The Penland School of Crafts, located deep in the mountains of western North Carolina, is a world renowned school of traditional and contemporary crafts including weaving, glassblowing, ceramics, papermaking, and jewelry, which began operating in the 1920s. The campus is a national register historic site with many individually listed structures.
Starting in the Fall of 2003, we have undertaken a variety of life-safety code analyses of various historic buildings on the Penland Campus which house dormitories, offices, the main campus dining hall and kitchen, retail shop, cafe, galleries and classrooms.
Many were built prior to state building codes and we have developed a master plan for renovation of these structures. We intially evaluated the Craft House, Pines and Horner and then moved on to evaluate Morgan and Lily Loom.

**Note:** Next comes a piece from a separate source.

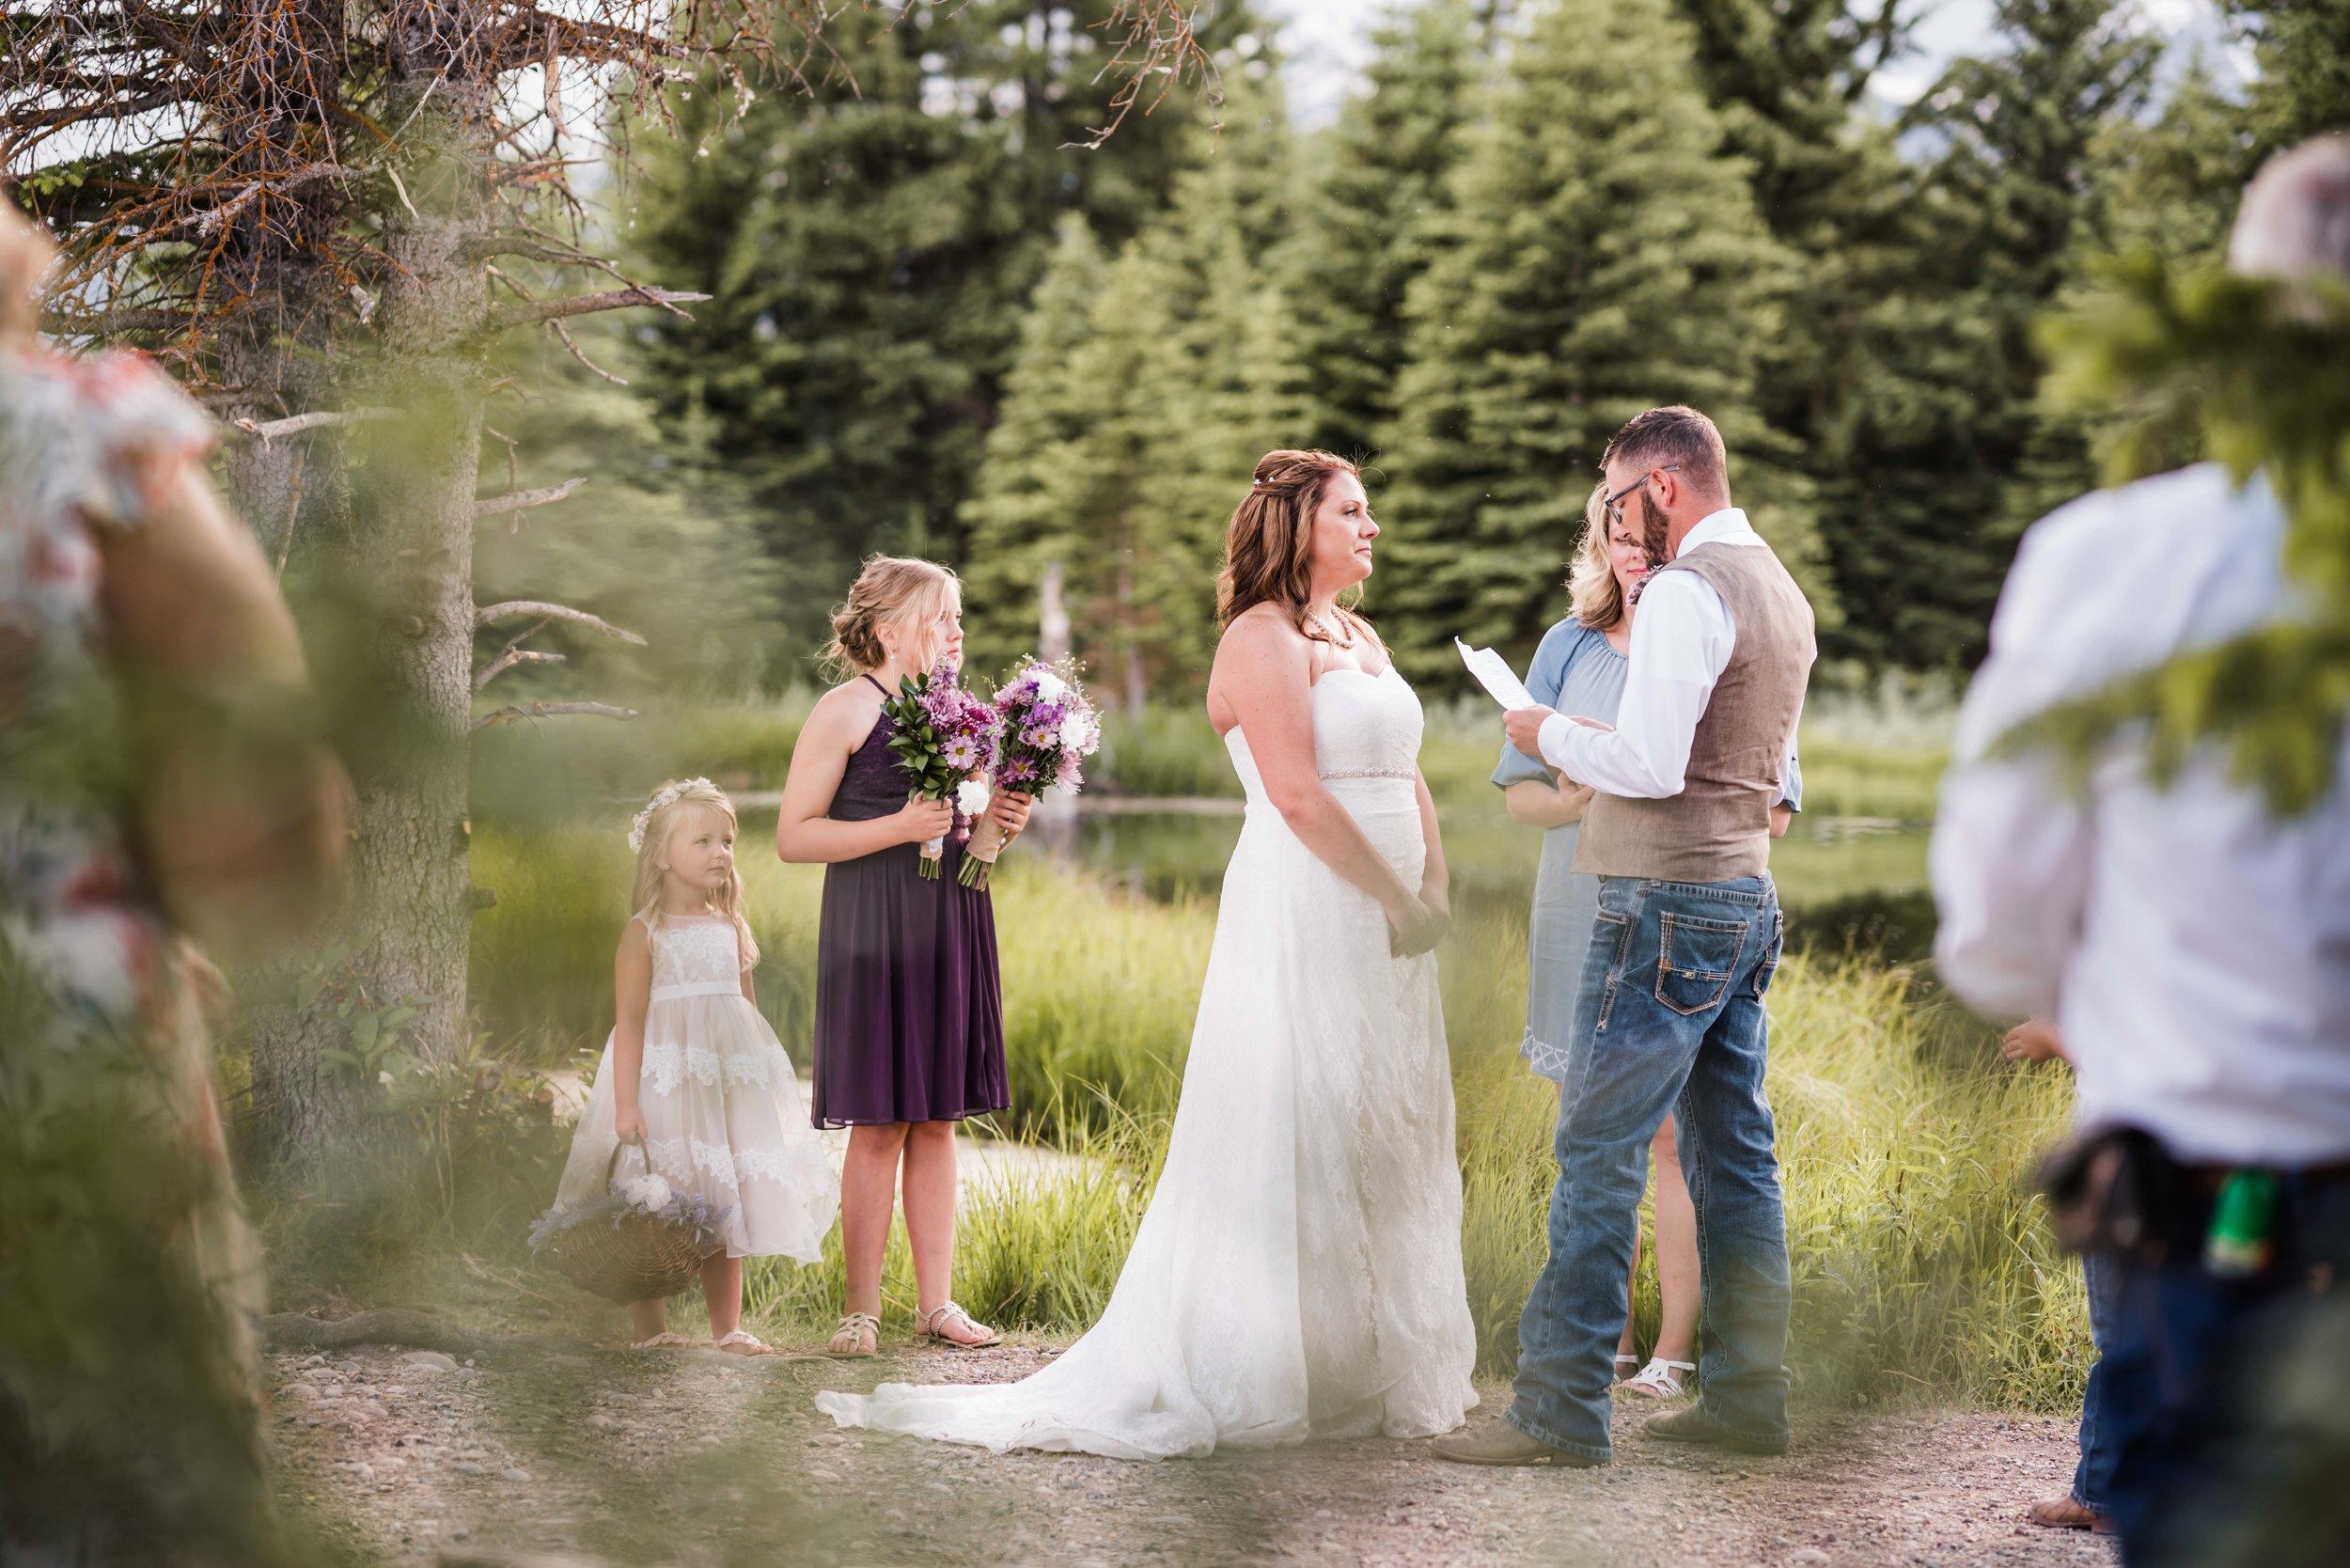 jackson hole adventure wedding photography at schwabachers landing in GTNP -DSC03814.jpg
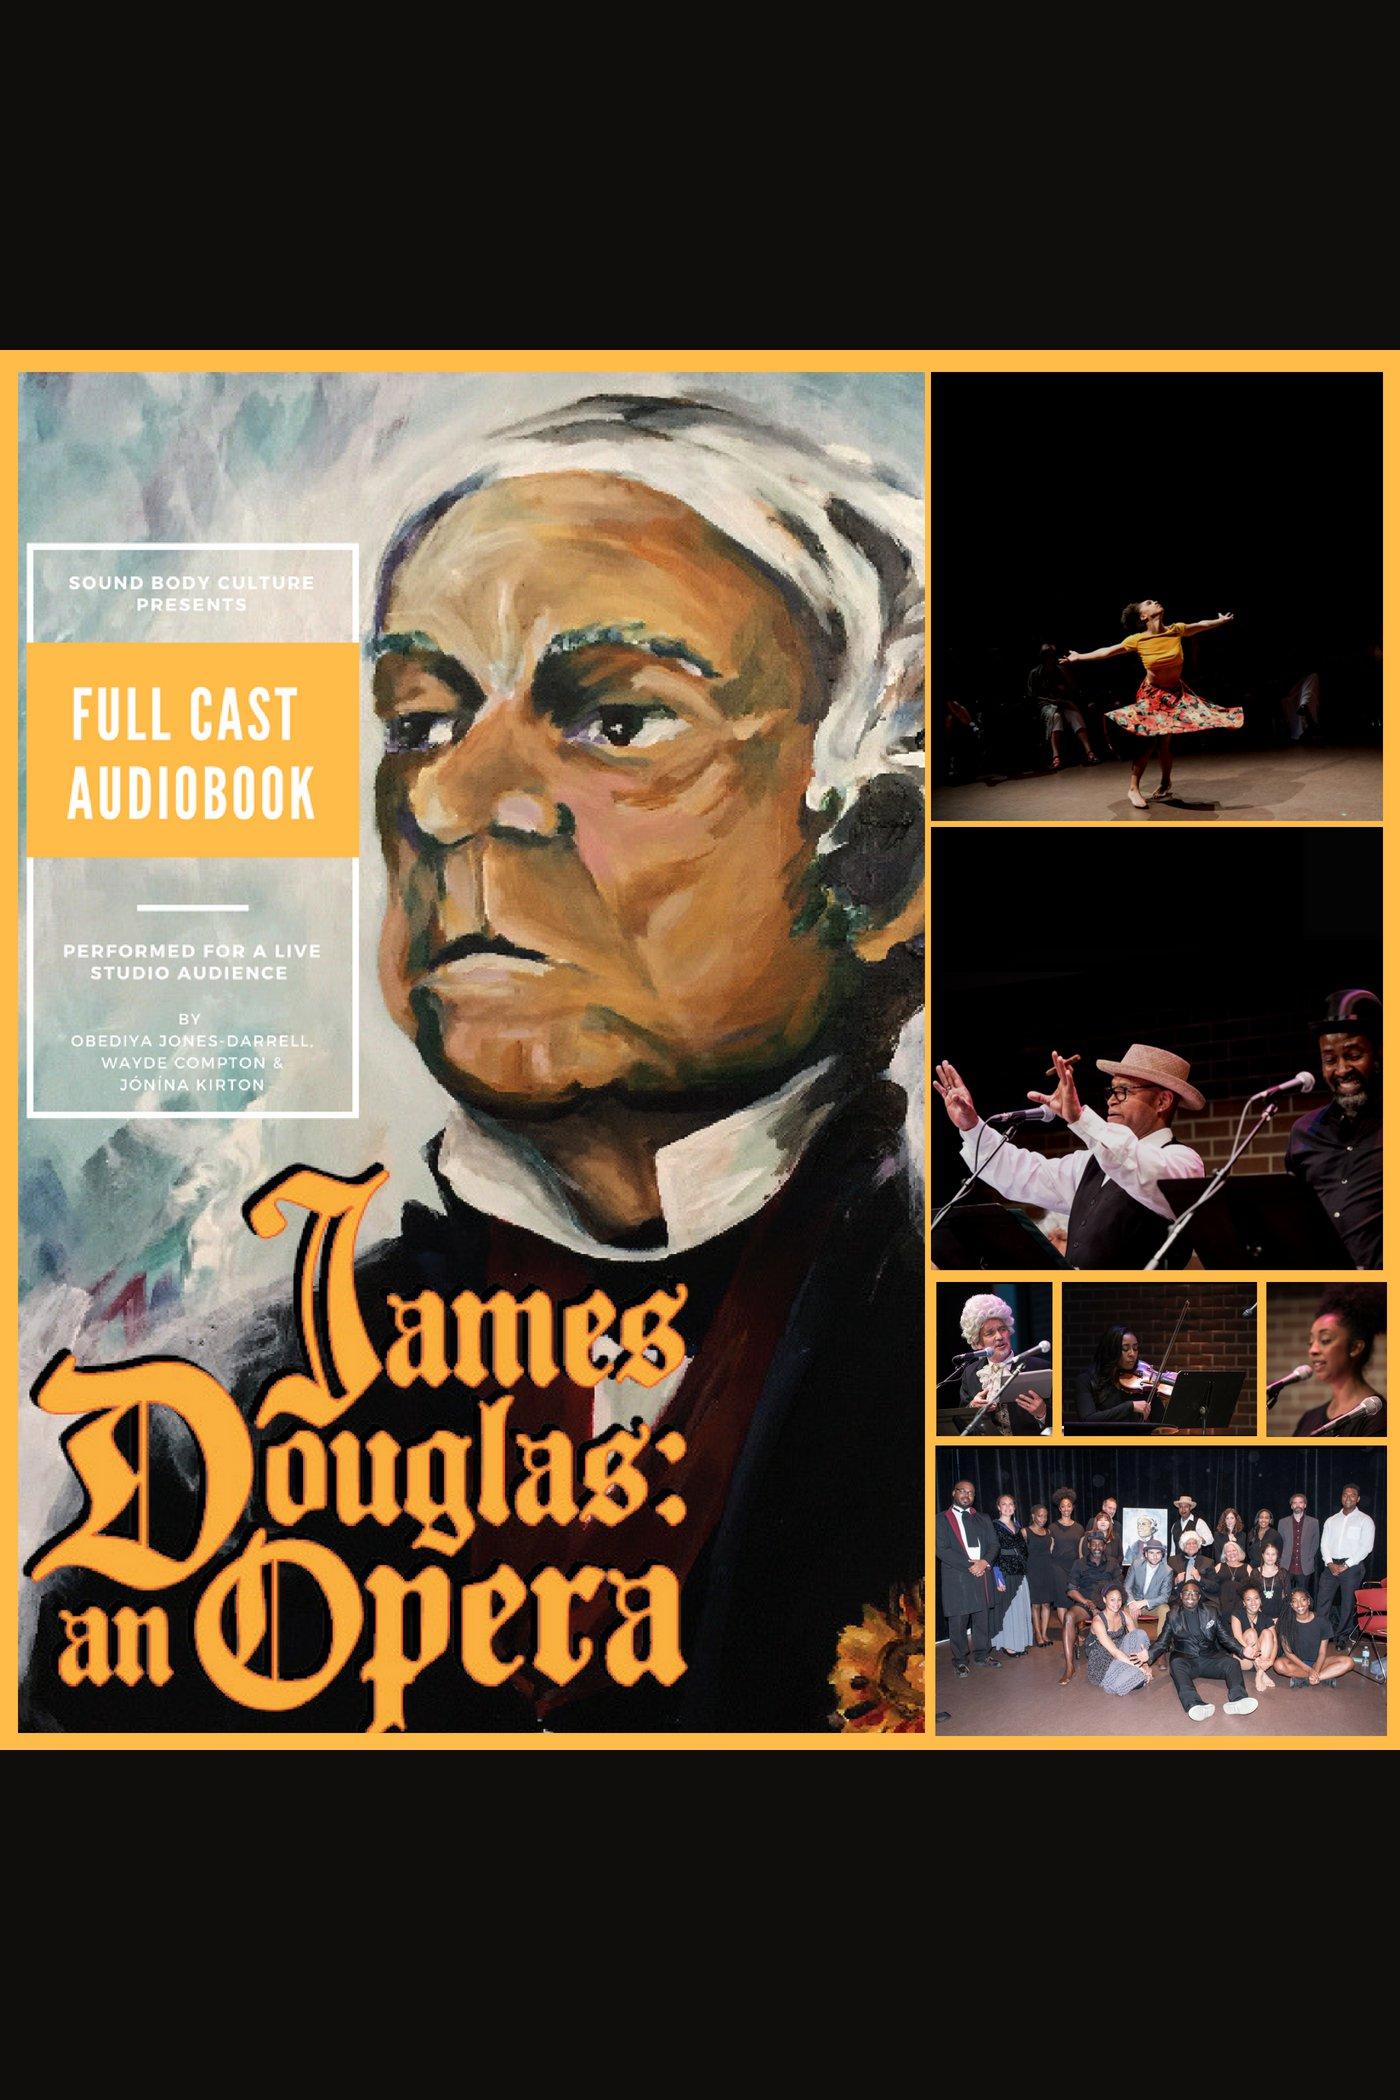 James Douglas An Opera cover image

Phase I renovations undertaken in the Spring of 2004 included alterations that could be made within a short time frame to improve safety. Phase II renovations, more extensive in nature which included in some cases structural additions, were undertaken later.
Years earlier, as Mathews & Glazer, we designed the Bill Brown Glass Blowing Studio. Working with numerous glass artists and school administrators, we designed this 5,500 sq. ft. shop building to be compatible with other structures on the campus.
As Penland evolved into one of the world’s most prestigious glass-blowing schools, its 1977 studio could no longer accommodate the growing number of artists and students, particularly in light of the changes in technology which have transformed the medium in recent years.
Major considerations in the design and the choice of site were air circulation, safety, the conservation and recycling of resources, and the control of noxious fumes and noise. Spaces within the facility include the Hot Shop; the Cold Shop; lampworking, plaster/molds, and sandblasting areas; and classroom and work areas.
Unlike the previous studio, the new building is fully winterized for year round use, utilizing a heat collection system from the glass furnaces that maximizes energy efficiency.The facility was completed in May 1995, in time to host the annual conference of the internationally acclaimed Glass Arts Society (GAS), which was founded at Penland twenty five years ago.